--- WHAT TO WORK ON ---
From the listing below, set down exactly the lines between the one holding "Vehículo de terreno" and the one holding "K18 маска несмываемая", inclusive. No other line is wanted.

--- DATA EXTRACTS ---
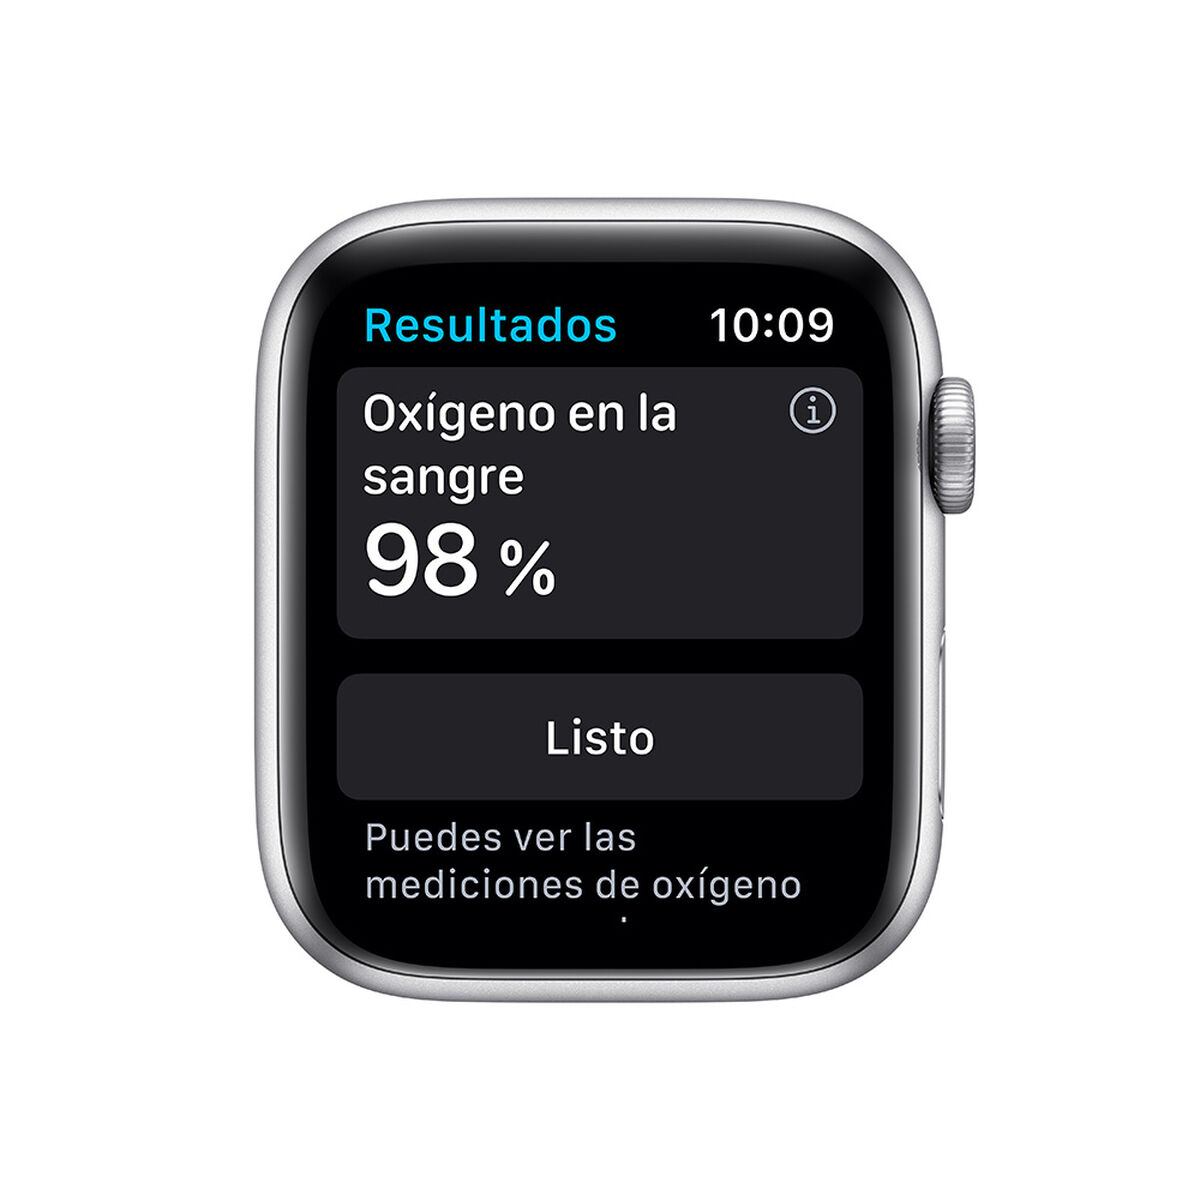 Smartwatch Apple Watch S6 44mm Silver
...
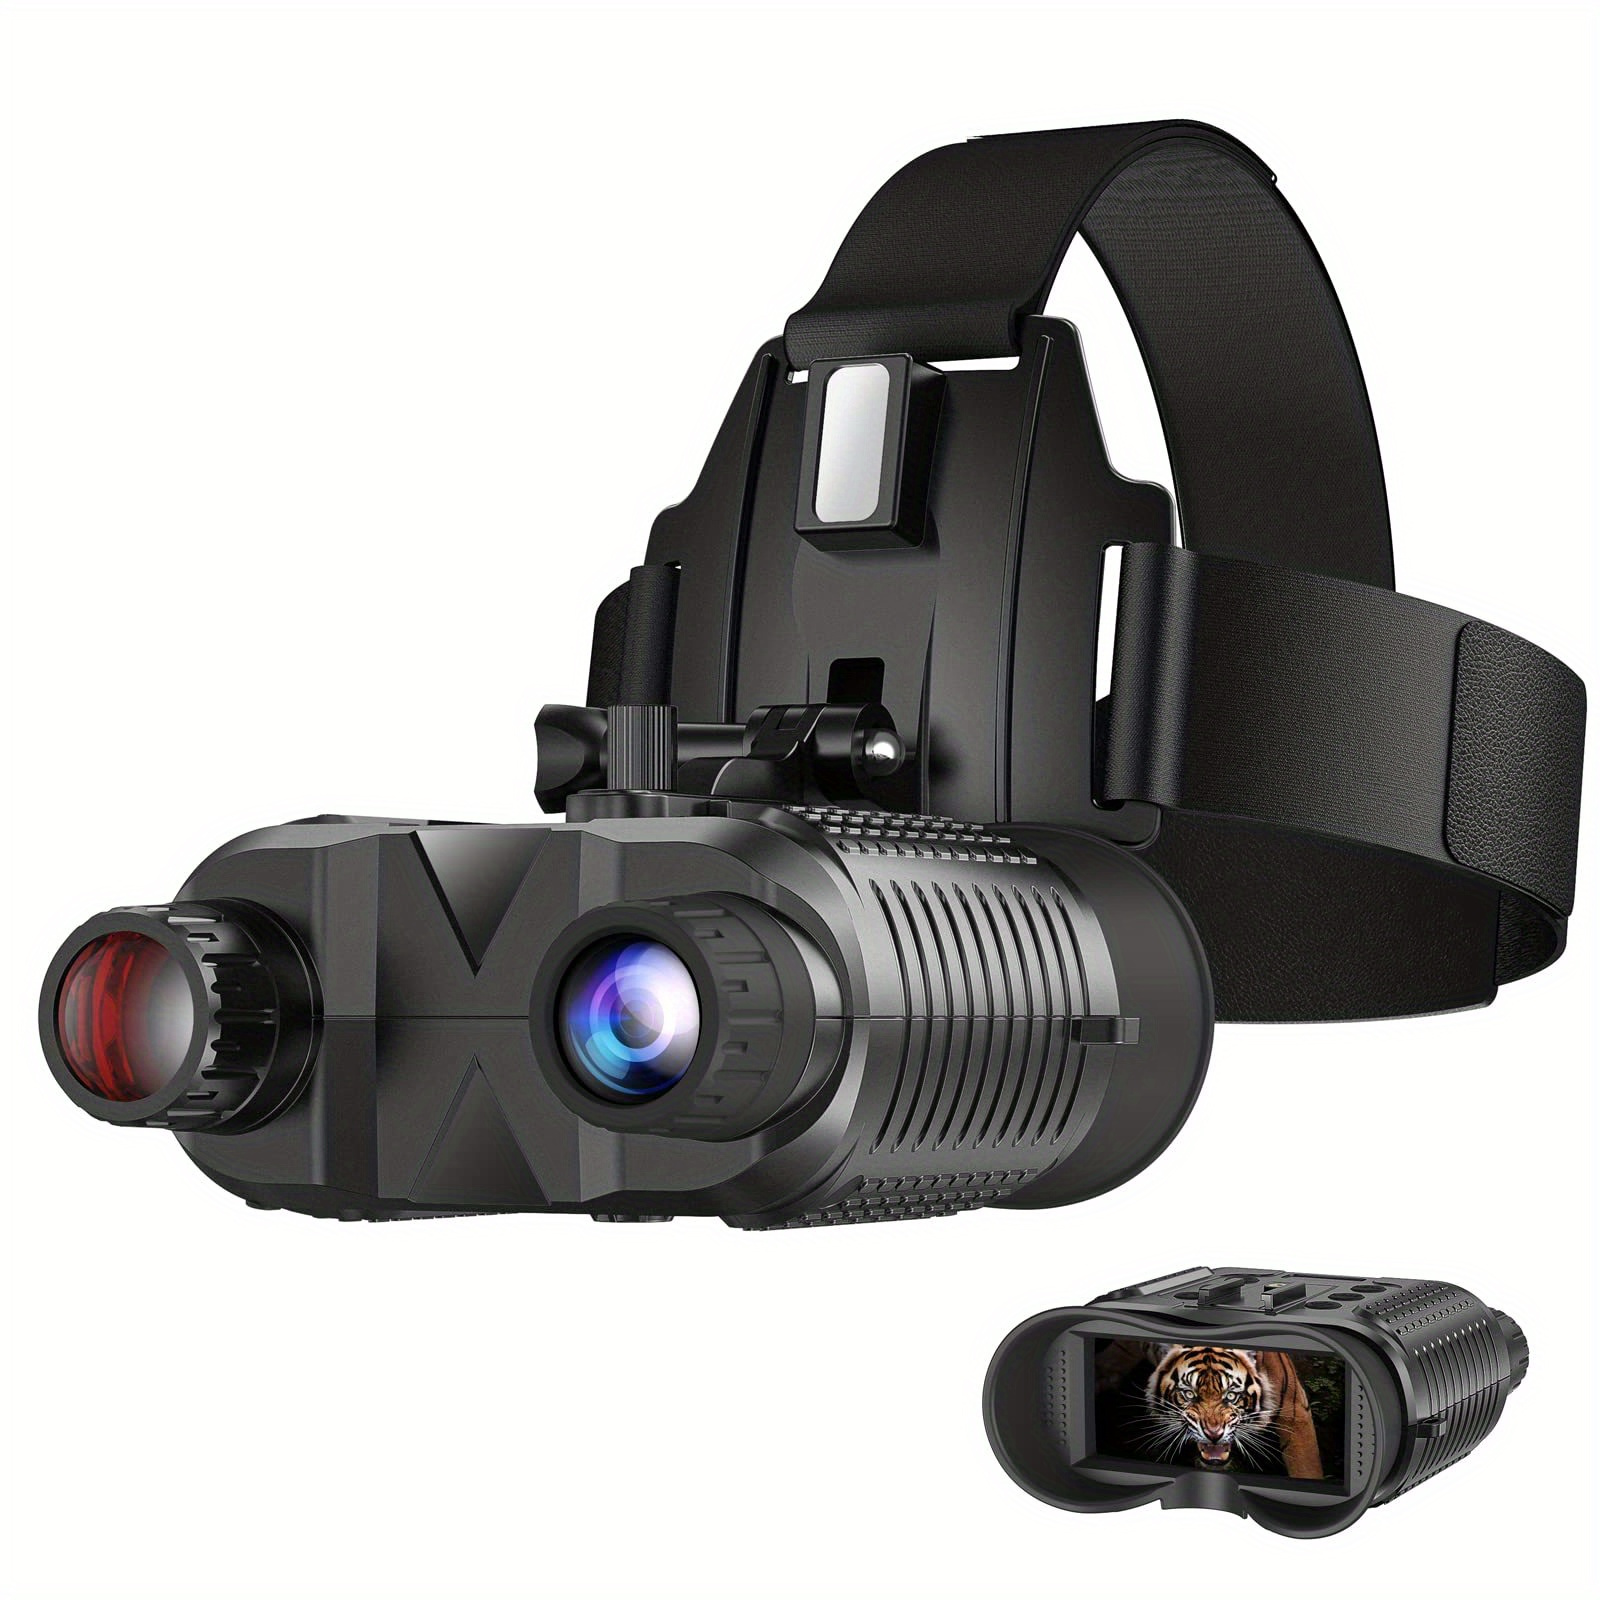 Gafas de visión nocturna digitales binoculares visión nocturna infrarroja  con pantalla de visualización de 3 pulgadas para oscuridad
* * *
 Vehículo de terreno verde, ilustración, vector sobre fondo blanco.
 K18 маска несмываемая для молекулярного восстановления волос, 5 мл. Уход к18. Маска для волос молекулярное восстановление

--- RESULT OF THIS TASK ---
 Vehículo de terreno verde, ilustración, vector sobre fondo blanco.
 K18 маска несмываемая для молекулярного восстановления волос, 5 мл. Уход к18. Маска для волос молекулярное восстановление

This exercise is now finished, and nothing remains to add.